The book follows the eponymous hero as he goes in search of wisdom and the 1 Big 1--the bomb that destroyed civilization. What he finds in the end is far different. He finds gunpowder--the 1 Littl 1. For Hoban, gunpowder is the first step--but the first step where? Both forwards and back. Gunpowder represents the reclamation of ancient culture lost in the radioactive wastes. But it also portends war, death and extinction.

And it all started with a Chinese alchemist, yearning for impossible immortality, playing with saltpeter and charcoal--until it went boom.

And that's it for this series. I hope you've enjoyed it!
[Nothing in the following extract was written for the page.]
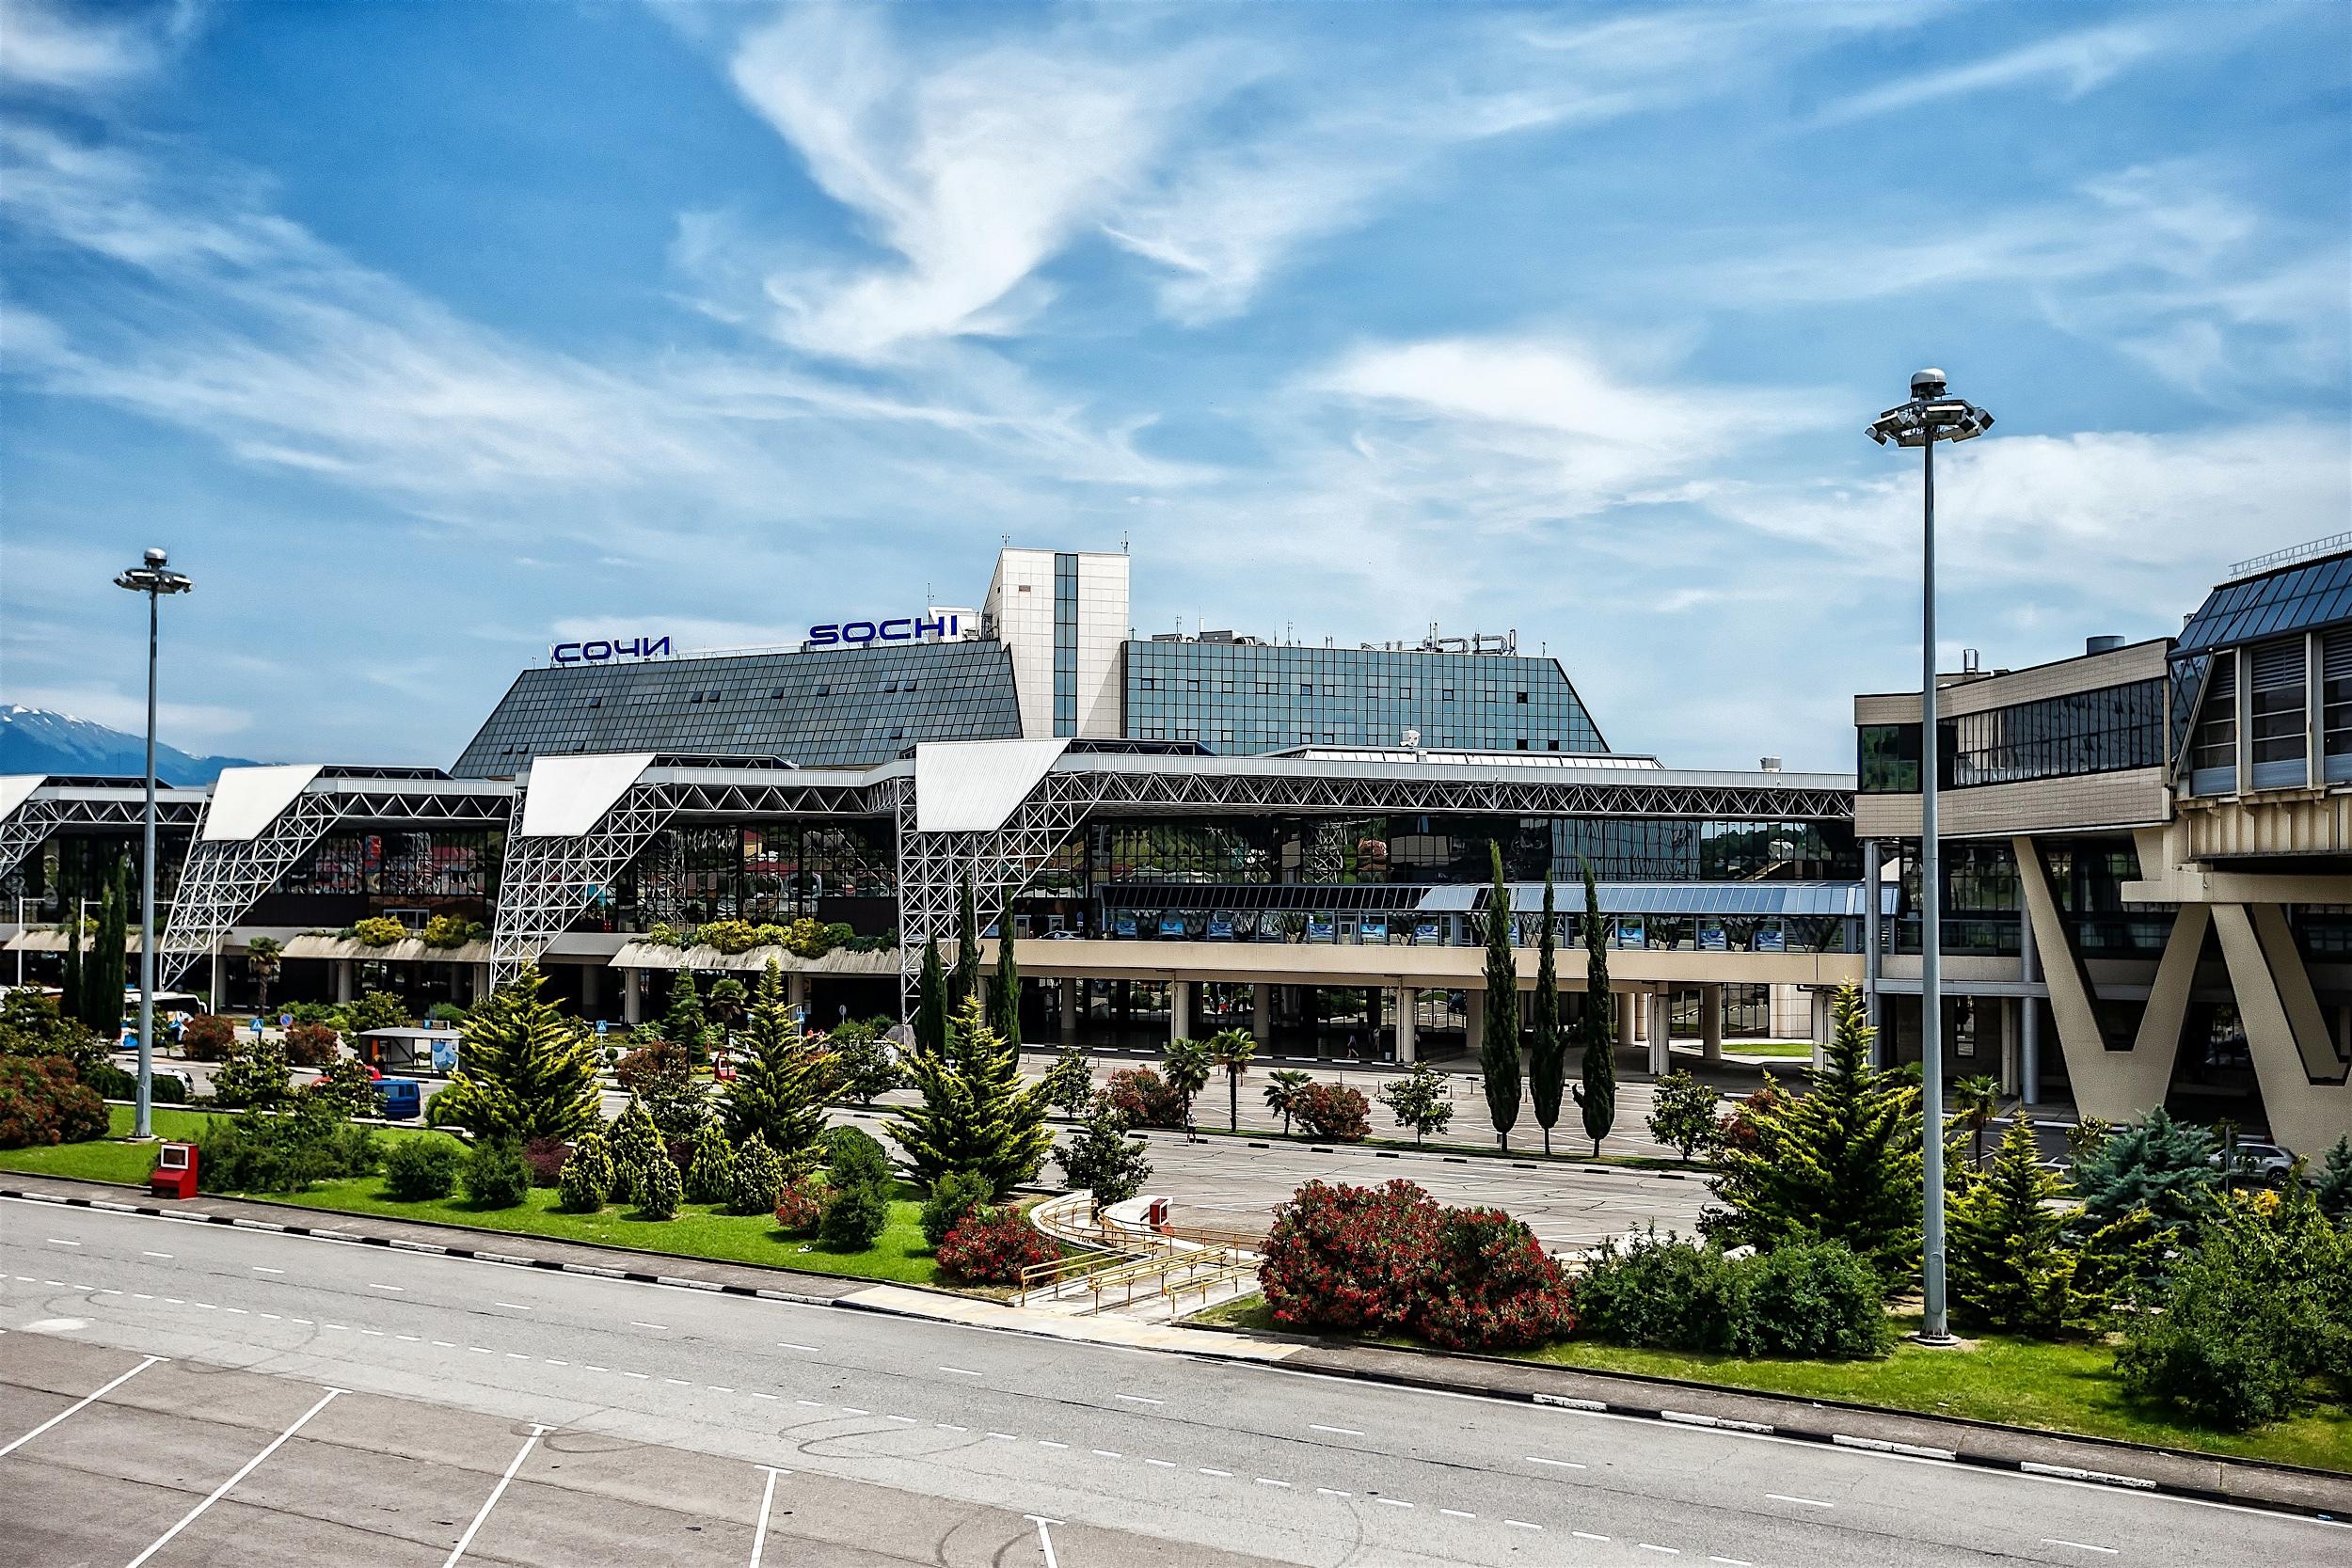 ВСочи откроется международный оперный фестиваль имени Галины Вишневской

Learning Today: The Los Alamos Cocktail

In the early days of Los Alamos the mesa town was full of science--but not fun. Though there was a twice-weekly movie night (at fifteen cents a head) besides that, the only other form of recreation was the single woman's dormitory--a small number of the residents of which started to charge single men for the privilege of female company. That and horse riding. The many young male scientists at the base had a critical case of boredom.

So those single scientists, blasting their brains on physics and fizzling away their youthful energies--they did what any pre-thirty year old would do. They partied like freshman girls at a state school. And now you can, too--
with this authentic recipe for Los Alamos hooch.

Fill a 32-gallon G.I. can half with grapefruit juice, half with lab alcohol.

Add dry ice.

Serve.

????

Profit!

All the taste of the nuclear arms race, none of the hassle!

This is according to Martin Sherwin's biography of Oppenheimer, American Prometheus.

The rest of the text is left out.